## What to work on
Print every line of the material exactly.

## Supplied data
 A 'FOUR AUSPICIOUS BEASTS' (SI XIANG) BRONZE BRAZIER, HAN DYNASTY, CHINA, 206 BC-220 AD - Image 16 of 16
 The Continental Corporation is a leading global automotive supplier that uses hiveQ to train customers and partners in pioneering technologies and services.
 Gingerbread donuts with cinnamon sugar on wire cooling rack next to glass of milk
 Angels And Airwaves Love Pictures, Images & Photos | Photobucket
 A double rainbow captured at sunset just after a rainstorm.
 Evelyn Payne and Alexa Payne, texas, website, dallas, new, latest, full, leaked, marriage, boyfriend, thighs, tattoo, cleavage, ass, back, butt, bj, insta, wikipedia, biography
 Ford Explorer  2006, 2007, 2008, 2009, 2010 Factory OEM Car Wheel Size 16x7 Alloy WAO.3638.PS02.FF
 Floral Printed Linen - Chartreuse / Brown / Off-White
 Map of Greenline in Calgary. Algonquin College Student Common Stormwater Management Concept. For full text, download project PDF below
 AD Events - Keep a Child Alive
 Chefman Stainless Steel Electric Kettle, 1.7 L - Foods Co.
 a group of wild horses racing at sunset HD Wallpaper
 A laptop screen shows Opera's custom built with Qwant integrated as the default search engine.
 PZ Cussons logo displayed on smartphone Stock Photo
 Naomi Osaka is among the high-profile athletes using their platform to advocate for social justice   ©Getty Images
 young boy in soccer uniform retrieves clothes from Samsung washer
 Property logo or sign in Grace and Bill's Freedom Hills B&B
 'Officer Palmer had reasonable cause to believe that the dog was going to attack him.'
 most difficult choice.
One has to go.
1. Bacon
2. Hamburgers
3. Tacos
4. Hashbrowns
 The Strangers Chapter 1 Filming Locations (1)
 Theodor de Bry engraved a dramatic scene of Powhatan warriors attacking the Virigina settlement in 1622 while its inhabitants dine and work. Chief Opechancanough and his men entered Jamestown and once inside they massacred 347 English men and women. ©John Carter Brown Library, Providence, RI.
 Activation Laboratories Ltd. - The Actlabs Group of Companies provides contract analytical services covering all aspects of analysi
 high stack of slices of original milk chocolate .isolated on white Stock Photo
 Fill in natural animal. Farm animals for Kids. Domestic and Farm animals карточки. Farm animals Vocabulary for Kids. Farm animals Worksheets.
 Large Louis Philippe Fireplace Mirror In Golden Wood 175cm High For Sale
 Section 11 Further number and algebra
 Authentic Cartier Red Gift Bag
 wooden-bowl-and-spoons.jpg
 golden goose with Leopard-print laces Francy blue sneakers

## Answer box
 A 'FOUR AUSPICIOUS BEASTS' (SI XIANG) BRONZE BRAZIER, HAN DYNASTY, CHINA, 206 BC-220 AD - Image 16 of 16
 The Continental Corporation is a leading global automotive supplier that uses hiveQ to train customers and partners in pioneering technologies and services.
 Gingerbread donuts with cinnamon sugar on wire cooling rack next to glass of milk
 Angels And Airwaves Love Pictures, Images & Photos | Photobucket
 A double rainbow captured at sunset just after a rainstorm.
 Evelyn Payne and Alexa Payne, texas, website, dallas, new, latest, full, leaked, marriage, boyfriend, thighs, tattoo, cleavage, ass, back, butt, bj, insta, wikipedia, biography
 Ford Explorer  2006, 2007, 2008, 2009, 2010 Factory OEM Car Wheel Size 16x7 Alloy WAO.3638.PS02.FF
 Floral Printed Linen - Chartreuse / Brown / Off-White
 Map of Greenline in Calgary. Algonquin College Student Common Stormwater Management Concept. For full text, download project PDF below
 AD Events - Keep a Child Alive
 Chefman Stainless Steel Electric Kettle, 1.7 L - Foods Co.
 a group of wild horses racing at sunset HD Wallpaper
 A laptop screen shows Opera's custom built with Qwant integrated as the default search engine.
 PZ Cussons logo displayed on smartphone Stock Photo
 Naomi Osaka is among the high-profile athletes using their platform to advocate for social justice   ©Getty Images
 young boy in soccer uniform retrieves clothes from Samsung washer
 Property logo or sign in Grace and Bill's Freedom Hills B&B
 'Officer Palmer had reasonable cause to believe that the dog was going to attack him.'
 most difficult choice.
One has to go.
1. Bacon
2. Hamburgers
3. Tacos
4. Hashbrowns
 The Strangers Chapter 1 Filming Locations (1)
 Theodor de Bry engraved a dramatic scene of Powhatan warriors attacking the Virigina settlement in 1622 while its inhabitants dine and work. Chief Opechancanough and his men entered Jamestown and once inside they massacred 347 English men and women. ©John Carter Brown Library, Providence, RI.
 Activation Laboratories Ltd. - The Actlabs Group of Companies provides contract analytical services covering all aspects of analysi
 high stack of slices of original milk chocolate .isolated on white Stock Photo
 Fill in natural animal. Farm animals for Kids. Domestic and Farm animals карточки. Farm animals Vocabulary for Kids. Farm animals Worksheets.
 Large Louis Philippe Fireplace Mirror In Golden Wood 175cm High For Sale
 Section 11 Further number and algebra
 Authentic Cartier Red Gift Bag
 wooden-bowl-and-spoons.jpg
 golden goose with Leopard-print laces Francy blue sneakers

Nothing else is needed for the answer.